[PROVIDED RECORDS — start]

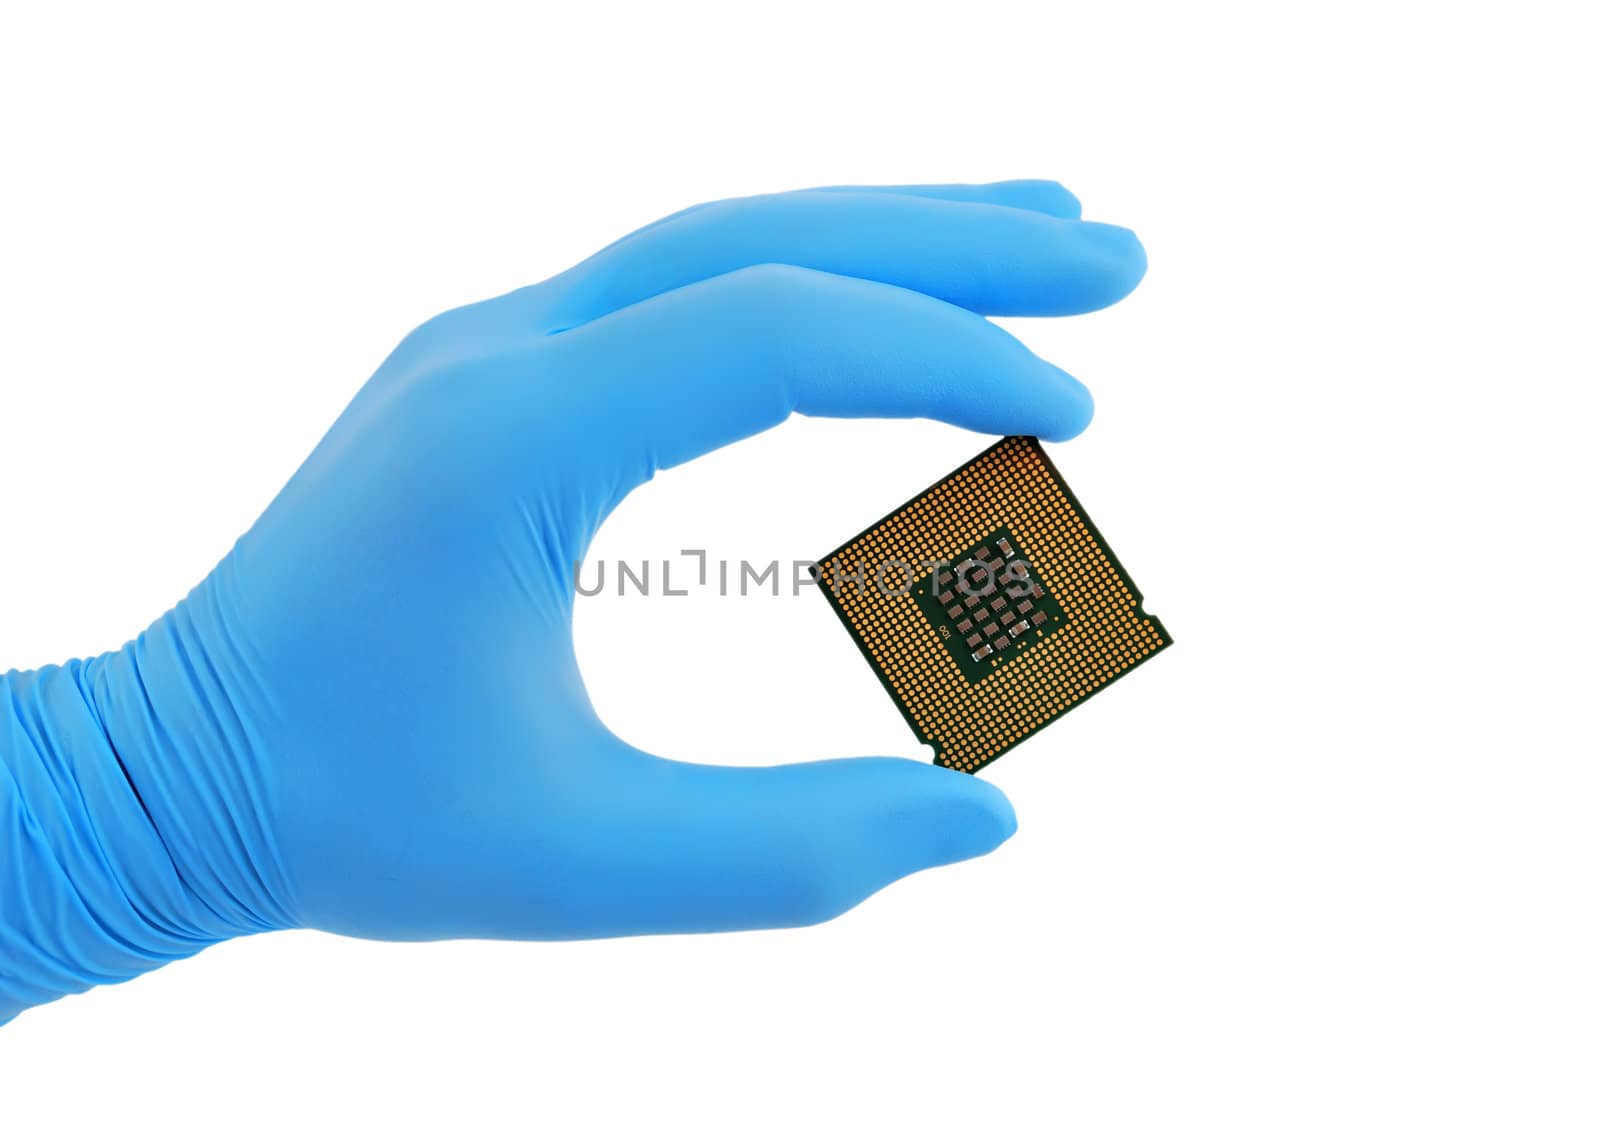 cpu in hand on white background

[PROVIDED RECORDS — finish]
[PROVIDED RECORDS — start]

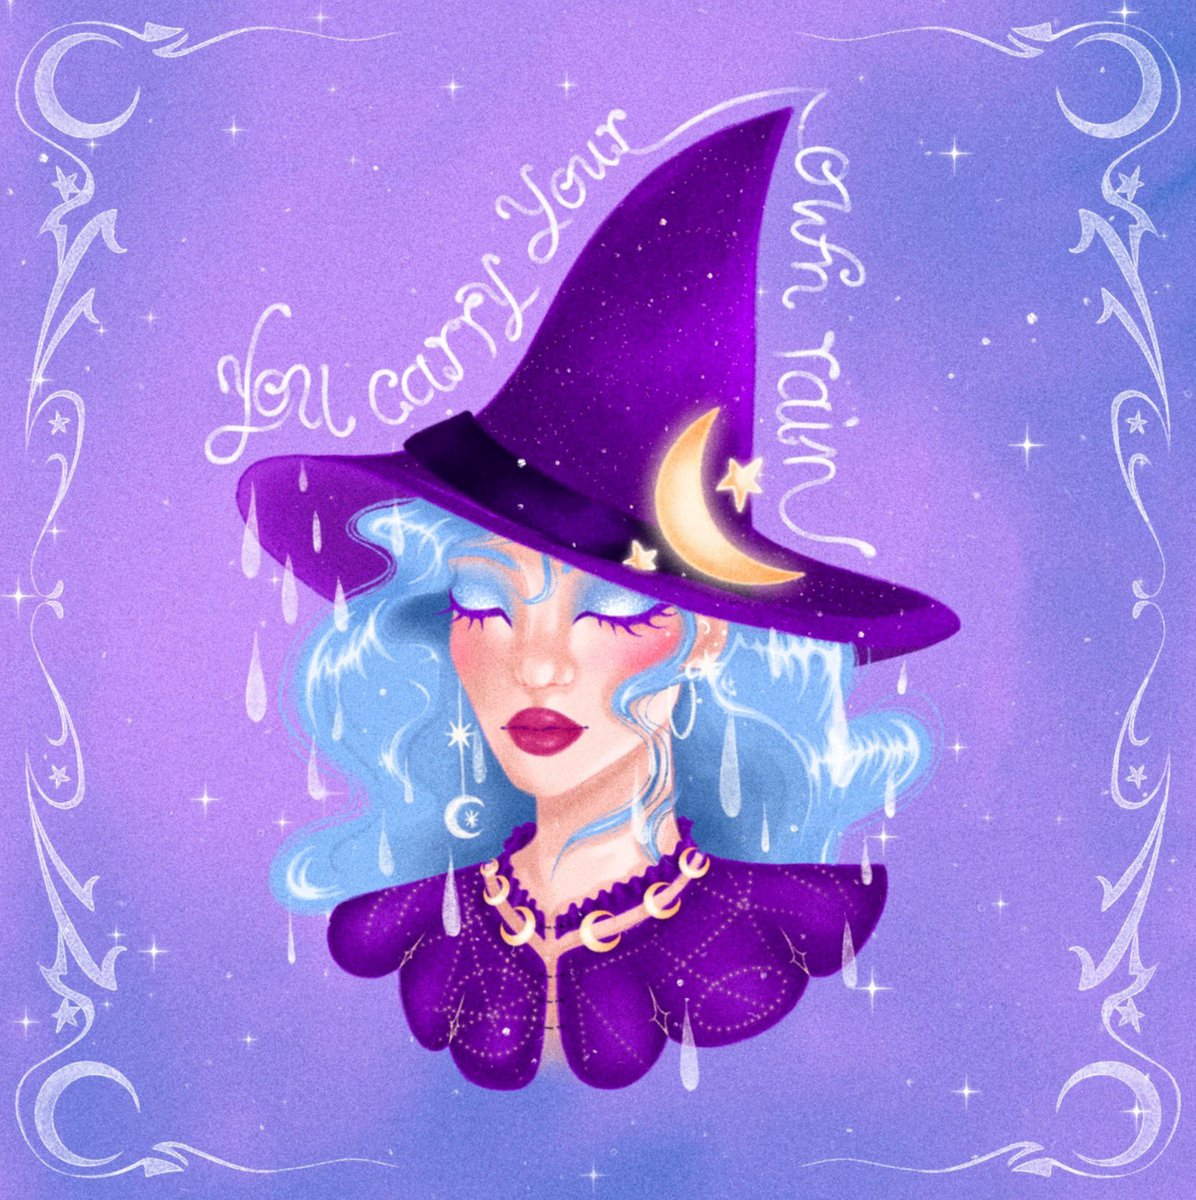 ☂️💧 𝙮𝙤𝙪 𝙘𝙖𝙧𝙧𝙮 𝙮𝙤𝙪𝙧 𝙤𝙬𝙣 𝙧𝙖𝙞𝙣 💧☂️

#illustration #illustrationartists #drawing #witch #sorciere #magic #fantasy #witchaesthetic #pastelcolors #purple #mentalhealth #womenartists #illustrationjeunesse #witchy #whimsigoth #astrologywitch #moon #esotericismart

[PROVIDED RECORDS — finish]

§ ABOUT THIS TASK
Copy the lines above exactly, starting at the one with "𝙤𝙬𝙣 𝙧𝙖𝙞𝙣 💧☂️" and ending at the one with "#illustration #illustrationartists #drawing", both included. Leave out any pictures and add nothing else.

§ WRITTEN SOLUTION
 ☂️💧 𝙮𝙤𝙪 𝙘𝙖𝙧𝙧𝙮 𝙮𝙤𝙪𝙧 𝙤𝙬𝙣 𝙧𝙖𝙞𝙣 💧☂️

#illustration #illustrationartists #drawing #witch #sorciere #magic #fantasy #witchaesthetic #pastelcolors #purple #mentalhealth #womenartists #illustrationjeunesse #witchy #whimsigoth #astrologywitch #moon #esotericismart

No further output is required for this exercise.